Archives

Date

The dark ages of lost data are over

For much of history, we’ve used removable media for backup. We’ve used tapes of various types, floppy disks, disk cartridges, and burnable optical disks. We take the removable media and keep a copy offsite if we’re good, but otherwise they sit for a few decades until they can’t be read, either because they degraded or we can’t find a reader for the medium any more.

But I now declare this era over. Disk drives are so cheap — 25 cents/gb and falling, that it no longer makes sense to do backups to anything but hard disks. We may use external USB drives that are removable, but at this point our backups are not offline, they are online. Thanks to the internet, I even do offsite backup to live storage. I sync up over the internet at night, and if I get too many changes (like after an OS install, or a new crop of photos) I write the changes to a removable hard disk and carry it over to the offsite hard disk.

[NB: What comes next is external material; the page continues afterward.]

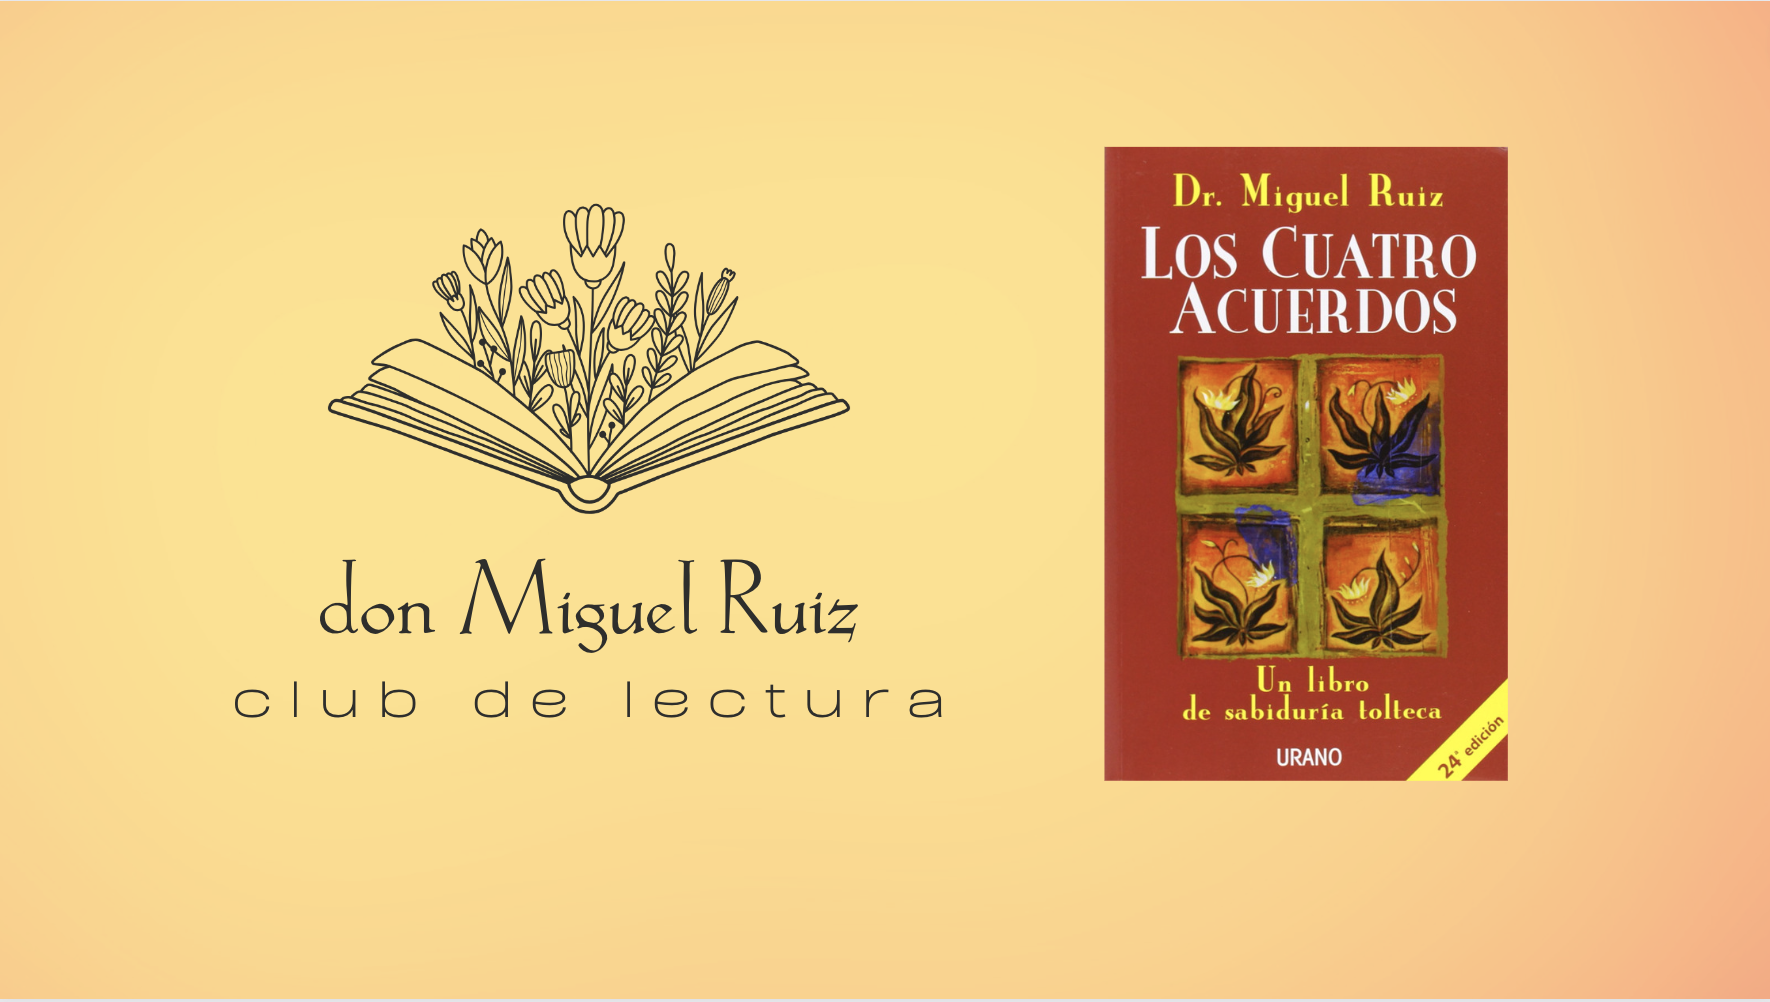 Club de Lectura Los Cuatro Acuerdos — don Miguel Ruiz
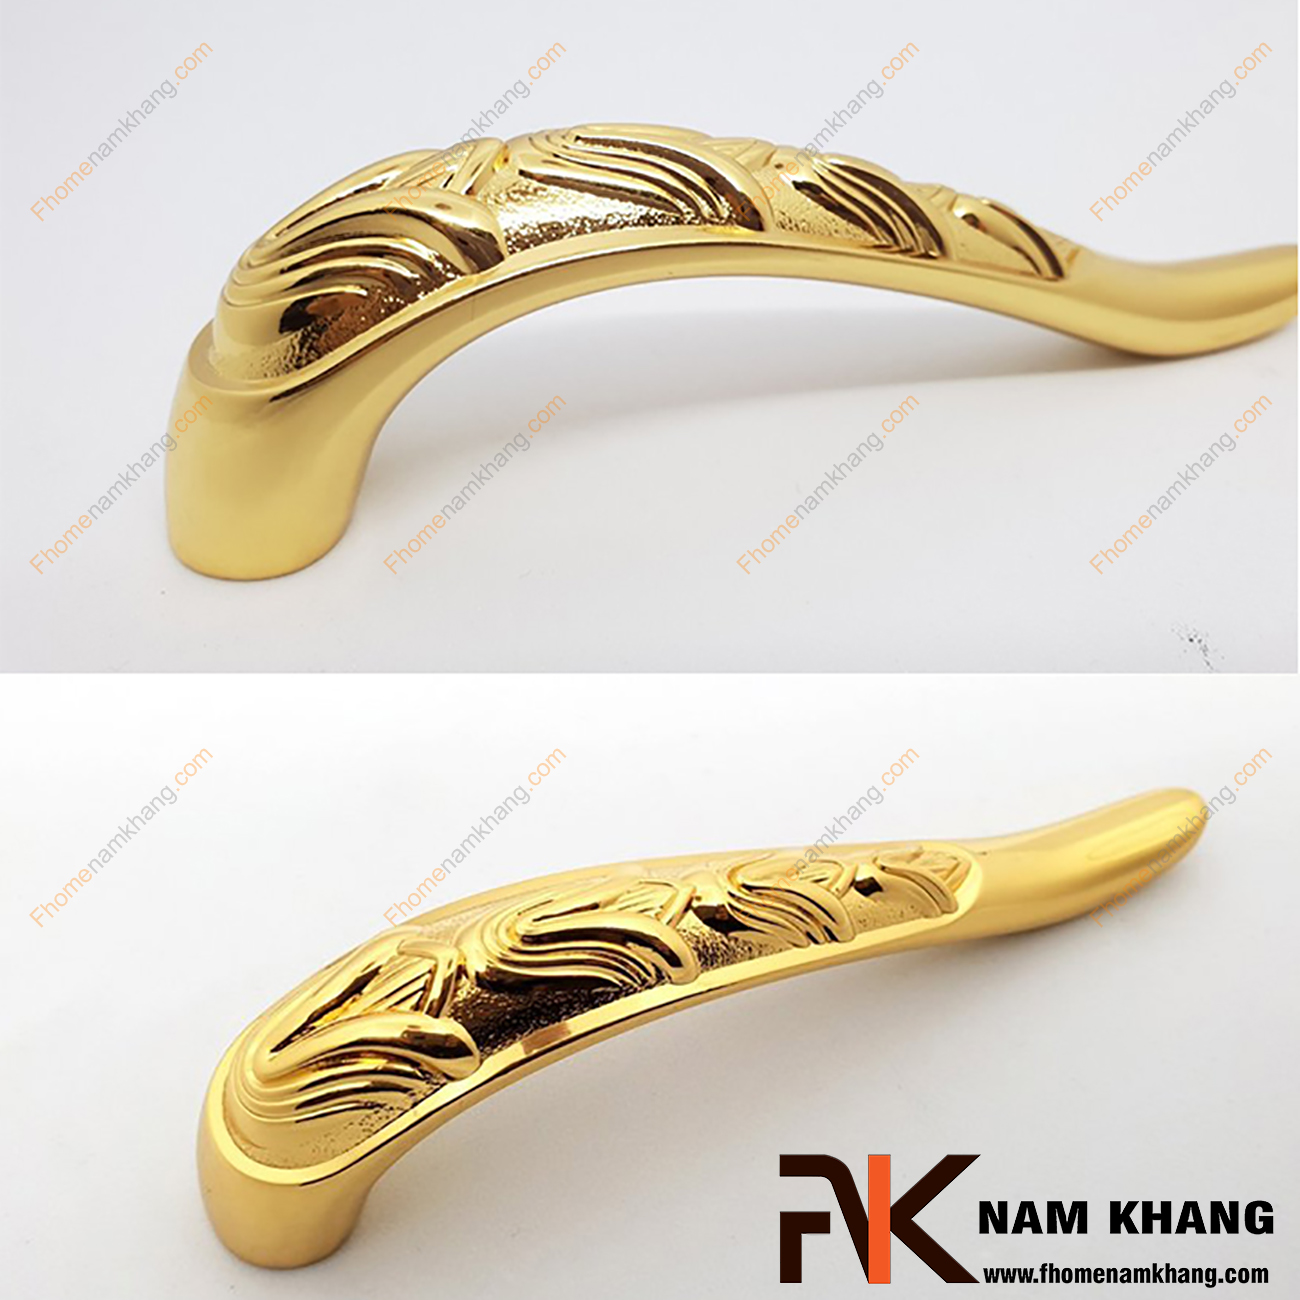 Tay nắm tủ nội thất mạ vàng NK080-V được chế tạo từ chất liệu hợp kim cao cấp được mạ một lớp vàng bóng ánh kim mang lại độ bền rất cao, khả năng chịu lực lớn, chống phai màu và giữ được độ sáng bóng của sản phẩm.

Of course, these hard drives will fail, perhaps even faster than CD-roms or floppies. But the key factor is that the storage is online rather than offline, and each new disk is 2 to 3 times larger than the one it replaced. What this means is that as we change out our disks, we just copy our old online archives to our new online disk. By constantly moving the data to newer and newer media — and storing it redundantly with online, offsite backup, the data are protected from the death that removable media eventually suffer. So long as disks keep getting bigger and cheaper, we won’t lose anything, except by beng lazy. And soon, our systems will get more automated at this, so it’s hard to set up a computer that isn’t backed up online and remotely. We may still lose things because we lose encryption keys, but it won’t be for media.

Thus, oddly, the period of the latter part of the 20th century will be a sort of “dark ages” to future data archaeologists. Those disks will be lost. The media may be around, but you will have to do a lot of work to recover them — manual work. However, data from the early 21st onward will be there unless it was actively deleted or encrypted.

Of course this has good and bad consequences. Good for historians. Perhaps not so good for privacy.